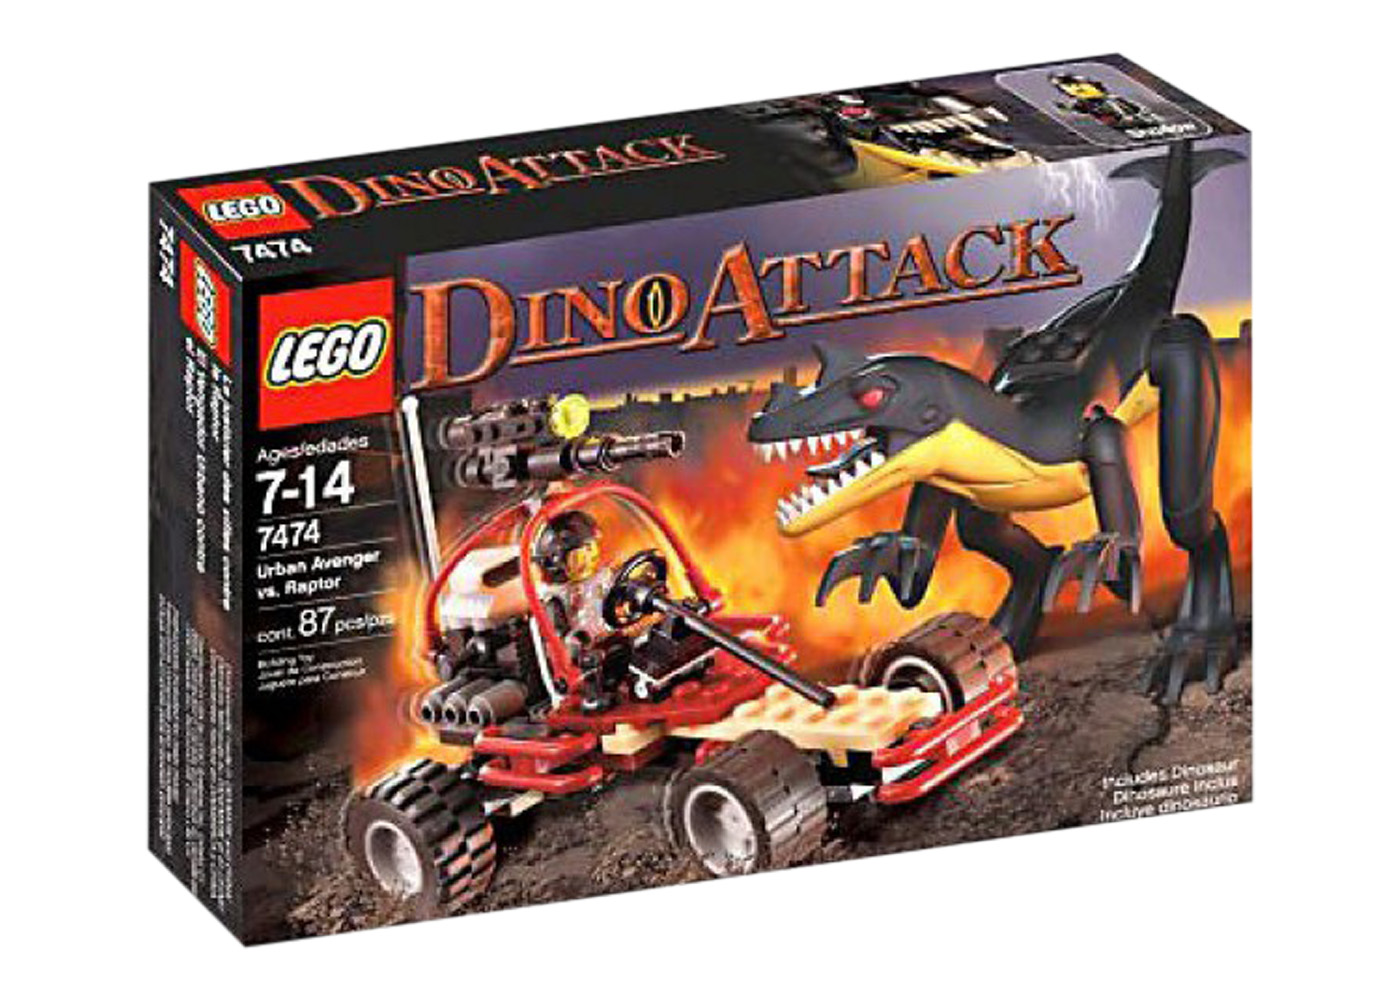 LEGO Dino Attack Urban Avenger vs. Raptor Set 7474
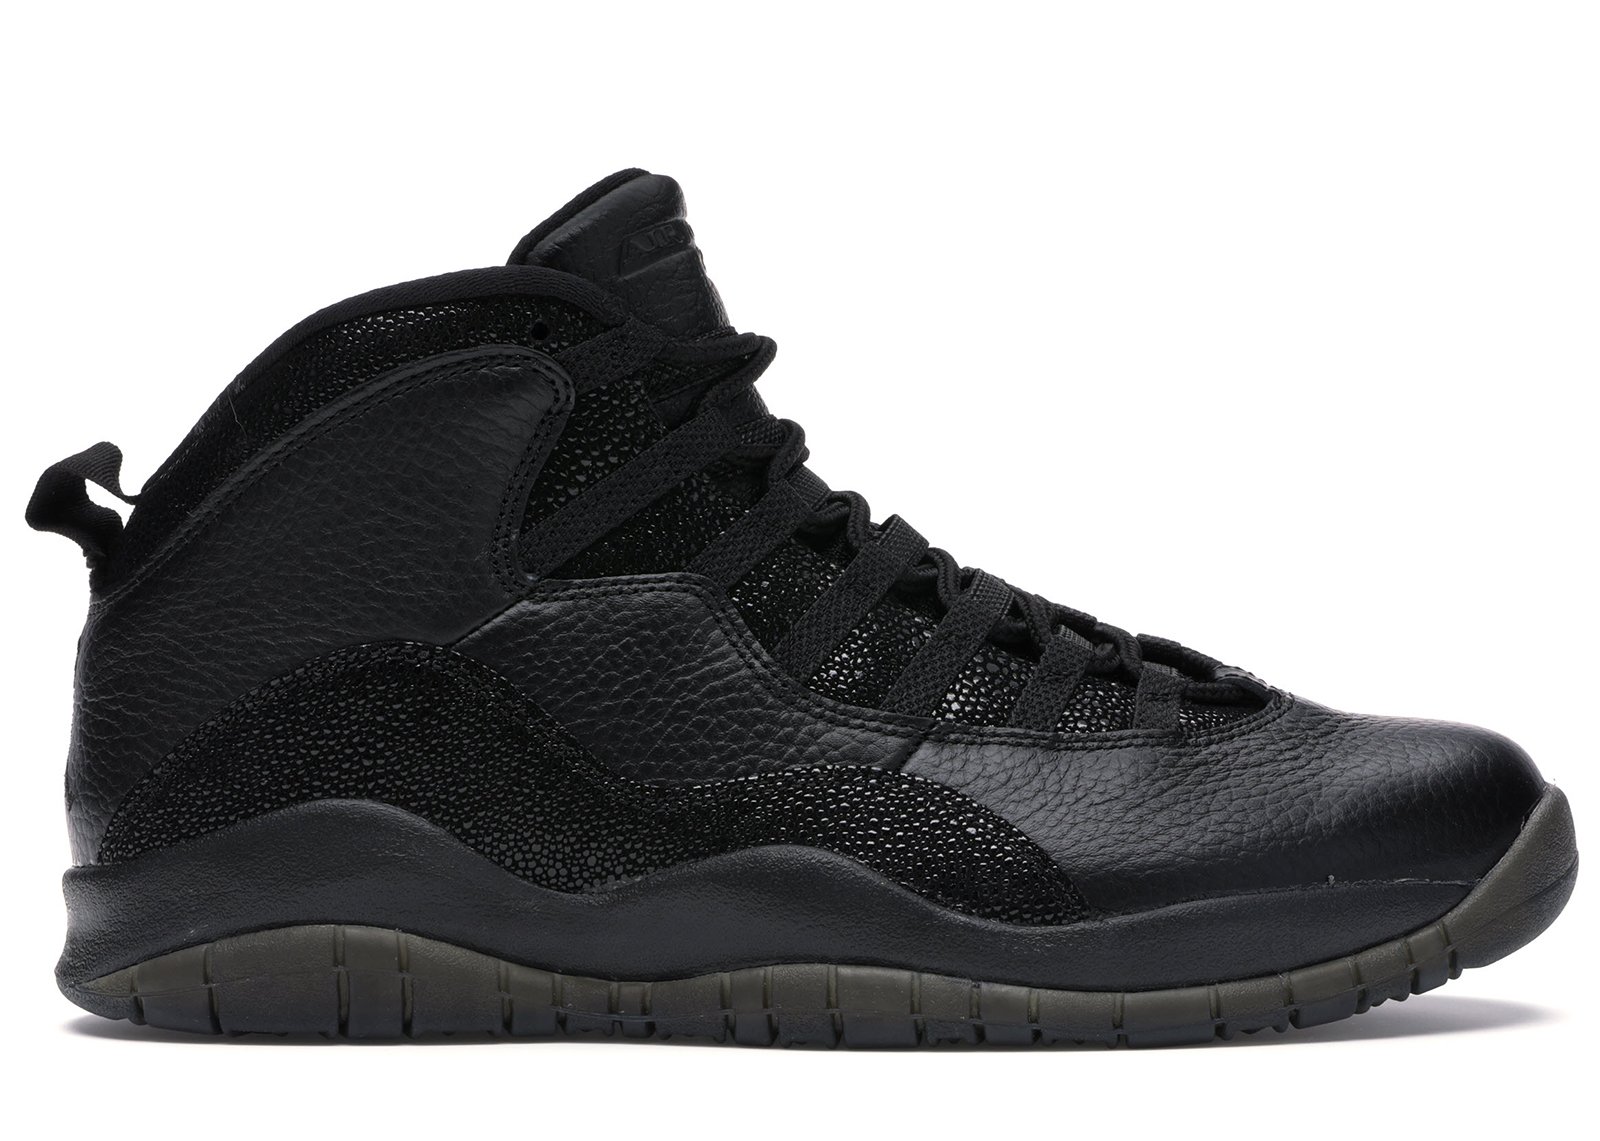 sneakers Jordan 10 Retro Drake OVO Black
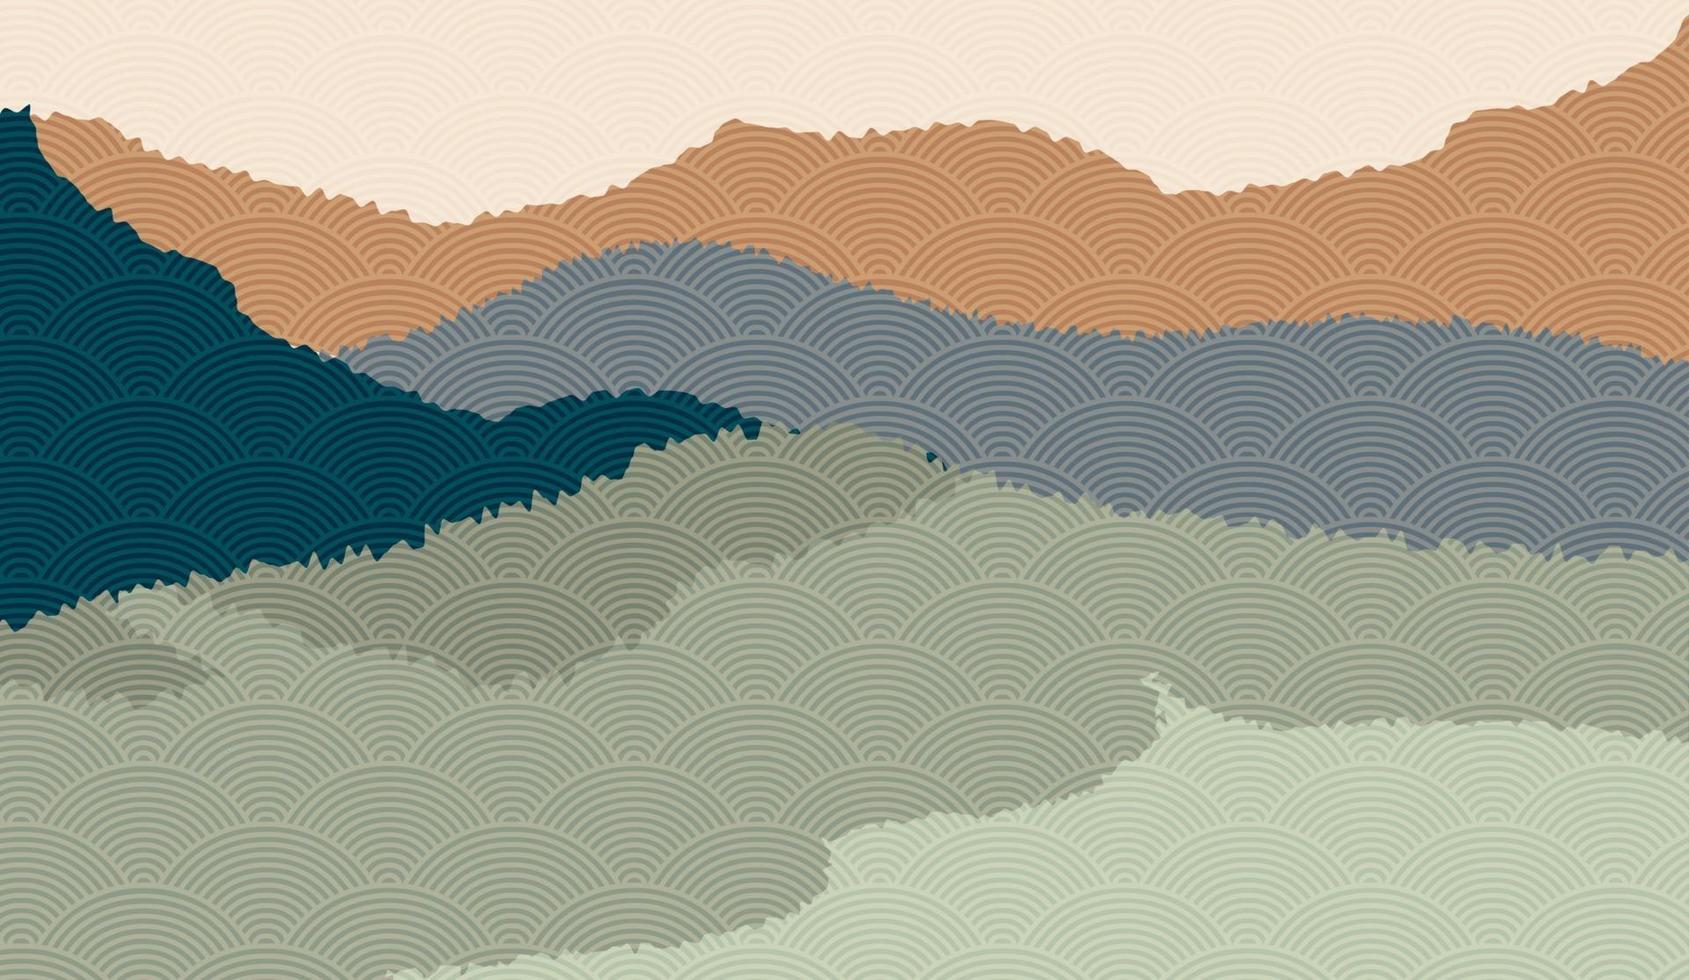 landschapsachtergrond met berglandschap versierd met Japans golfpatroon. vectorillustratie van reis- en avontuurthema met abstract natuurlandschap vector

########################################

# What you will do
Transcribe the listing exactly; omit all images.

# Answer to this exercise
 LEGO Dino Attack Urban Avenger vs. Raptor Set 7474
 sneakers Jordan 10 Retro Drake OVO Black
 landschapsachtergrond met berglandschap versierd met Japans golfpatroon. vectorillustratie van reis- en avontuurthema met abstract natuurlandschap vector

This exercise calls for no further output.